Chief Helfert was also very public education oriented and took pride in the schools' fire education program.
However, Chief Helfert was in poor health for most of his time with the district and was not 100% capable of performing his duties to the best of his ability throughout his tenure as Chief. He requested medical leave on April 29, 1991. After returning for a short time he retired on September 27, 1991.
In the absence of a Chief, the two Captains acted as the authority of the Fire Chief.
Ronald L. Creek
On August 19, 1991, the district Board members interviewed Ronald L. Creek. They hired him to start September 25, 1991. He had previously been with the department for thirteen years as lieutenant and inspector prior to moving out of the area. On his return, Mr. Creek stated that the equipment was the same as when he left.
Blood Pressure Program
Chief Creek implemented a few programs to gain some rapport with the community. He offered free blood pressure checks to the public, and Operation Rescue, which was a door to door survey conducted by the firemen. Information was obtained with regards to the number of people residing in the home, if there any invalids, or any other information about hazards in the home.
This was a good program, but unfortunately, the amount of manpower and data processing it took to maintain these records was too much for the Fire Department current resources. The program was terminated.
New Pumpers, Tanks, & Air Cascade System
Chief Creek also received approval to purchase two new 1250 GPM triple combination pumpers from Alexis. One being a 750-gallon booster tank and the other a 1000 gallon booster tank.
He also purchased a new air cascade system from Air One and updated the SCBAs (self-contained breathing apparatus).
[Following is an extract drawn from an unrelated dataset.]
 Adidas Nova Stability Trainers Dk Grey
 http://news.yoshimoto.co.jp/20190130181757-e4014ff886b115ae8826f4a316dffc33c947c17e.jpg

The process for getting two new ambulances also was approved.
Carpentersville Firefighters Association
A need for written policy and procedures created the Carpentersville Firefighters Association (CFA). The CFA was voted the bargaining unit for the firefighters after a vote was held and proper paperwork with the state was completed.
This eventually led the Carpentersville Village Board to vote and take over the Carpentersville and Countryside Fire Protection District. This was made possible by the fact that over 50% of the district was in the Carpentersville Village limits. By law, this could happen. This historical event took effect May 1994.
Throughout that year the Village decided to make a change. They hired a Deputy Chief from Mount Prospect by the name of Del Ulreich. He started May 1, 1995.
Chief Ulreich had an open door policy and right from the start talked to the firefighters to get their ideas and thoughts on how to proceed into the future. Changes have been a welcome sight since Chief Ulreich’s hire.
New Radios, Headsets, & Patches
Updating the mapping system, new portable radios and headsets for the engineers were purchased. Three new Fire Department patches were designed and after a vote one was picked.
The painting and sprucing up of both stations were completed and the completion of the day room at Station One took place. A ventilation system was installed at both stations and policies and procedures were updated and implemented.
With all the expansion taking place west of the Fox River, plans needed to be considered for the construction of a third fire station. Chief Ulreich worked hard to get a temporary station in place by the fall of 1996.
80th Anniversary Celebration
1995 also saw the department reach its 80th anniversary. This was celebrated with a parade including 24 pieces of apparatus from 14 different Fire Departments. Civic and social groups also participated.
At Station One there was a puppet show for the kids on fire safety, a fire pole and a smoke safety trailer for the children to go through and play on. Phyllis Bruggeman was the Grand Marshall of the event to cap off her retirement from the department. With 80 years now on the books, the next 80 ought to be just great!